### What you have to do
Images are to be dropped, and the rest of the data reproduced exactly.

### Supplied material
####

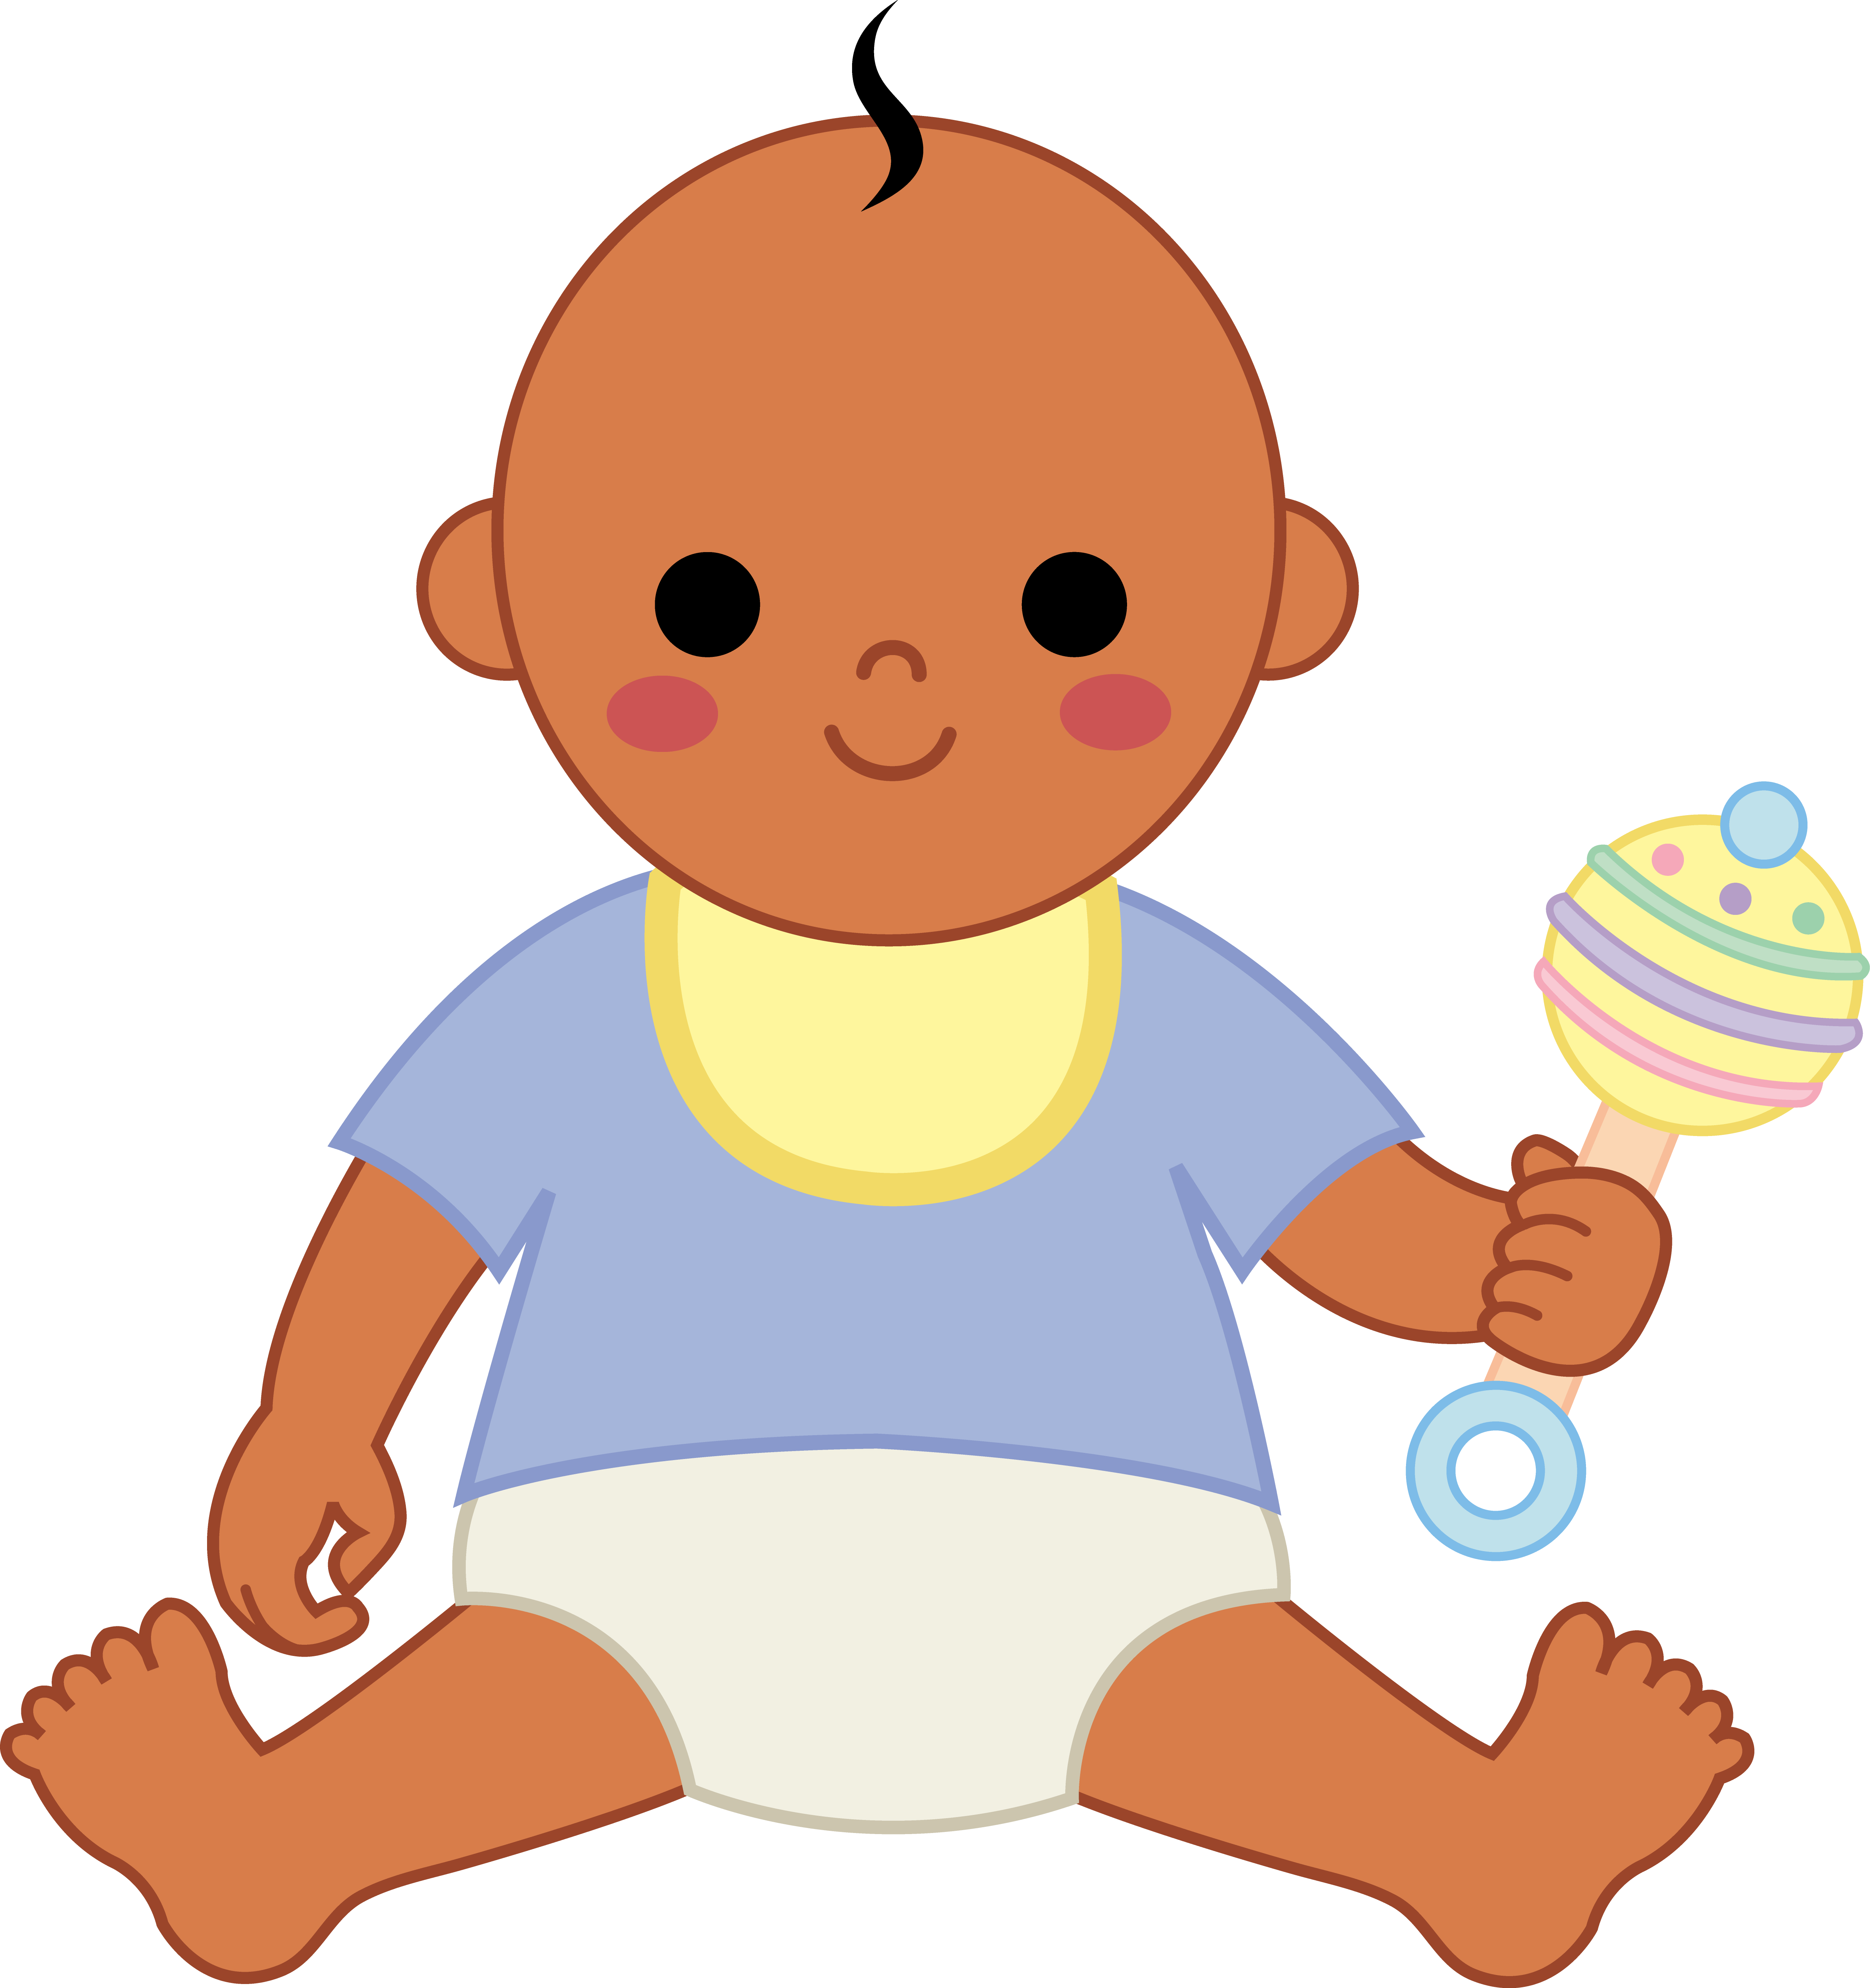 5175x5502 Baby Boy Clip Art Baby Clipart Image 2 3
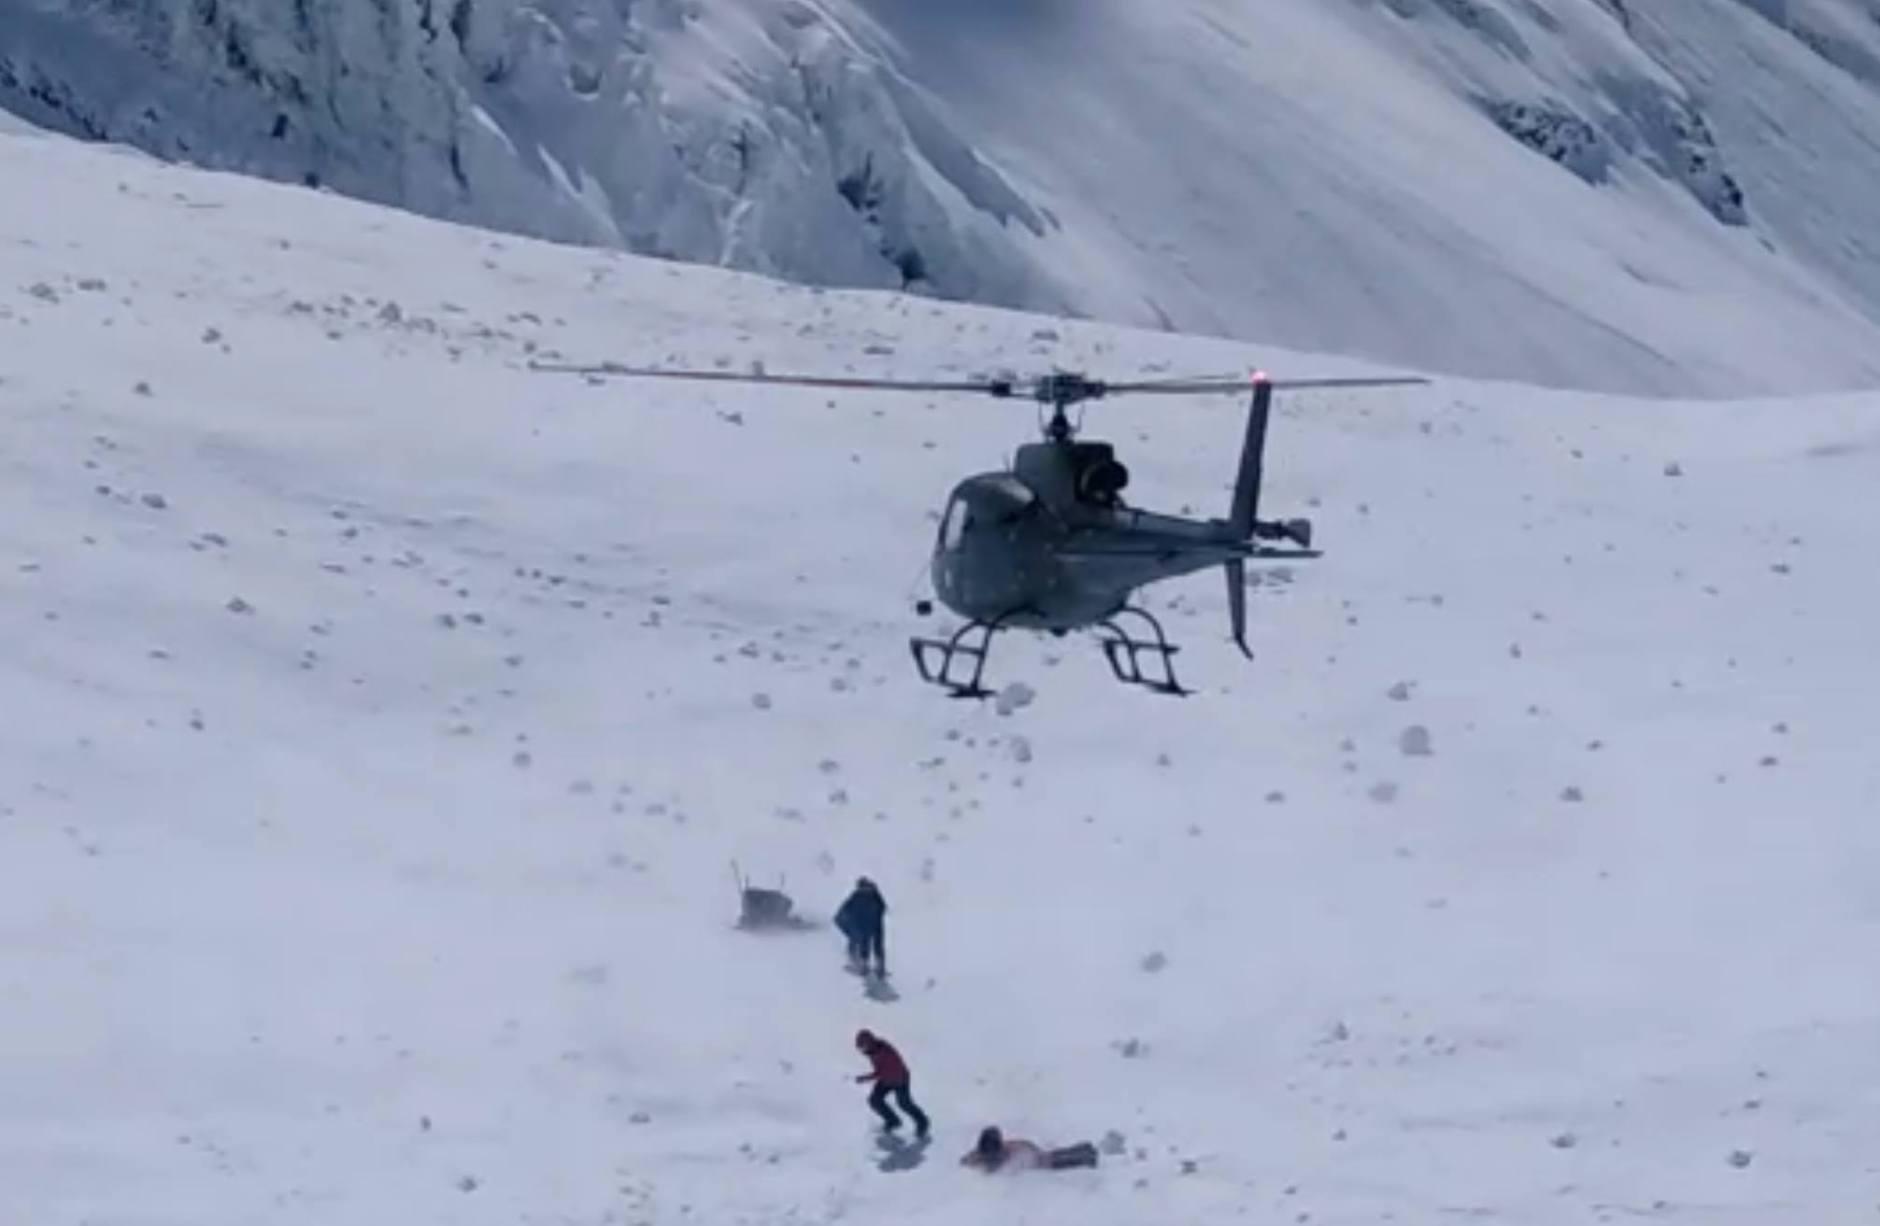 alpinismo, nanga parbat, daniele nardi, tom ballard, alex txikon
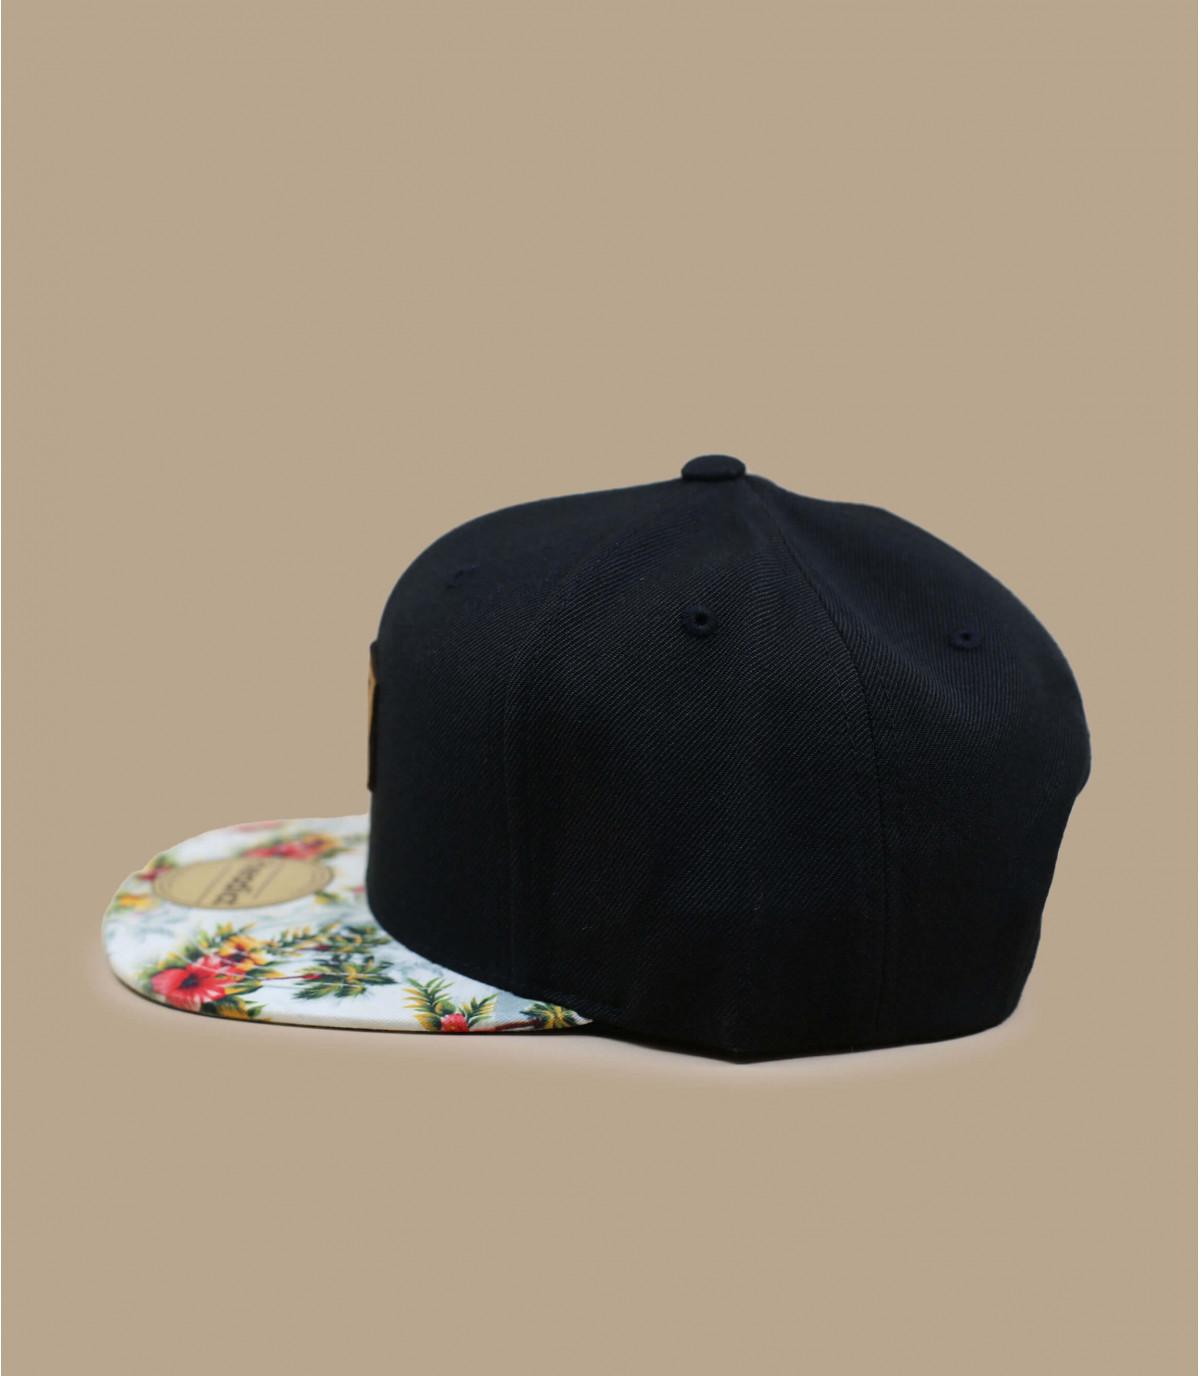 Details Snapback Let's Drive black floral - Abbildung 3

####

### Completed task
 5175x5502 Baby Boy Clip Art Baby Clipart Image 2 3
 alpinismo, nanga parbat, daniele nardi, tom ballard, alex txikon
 Details Snapback Let's Drive black floral - Abbildung 3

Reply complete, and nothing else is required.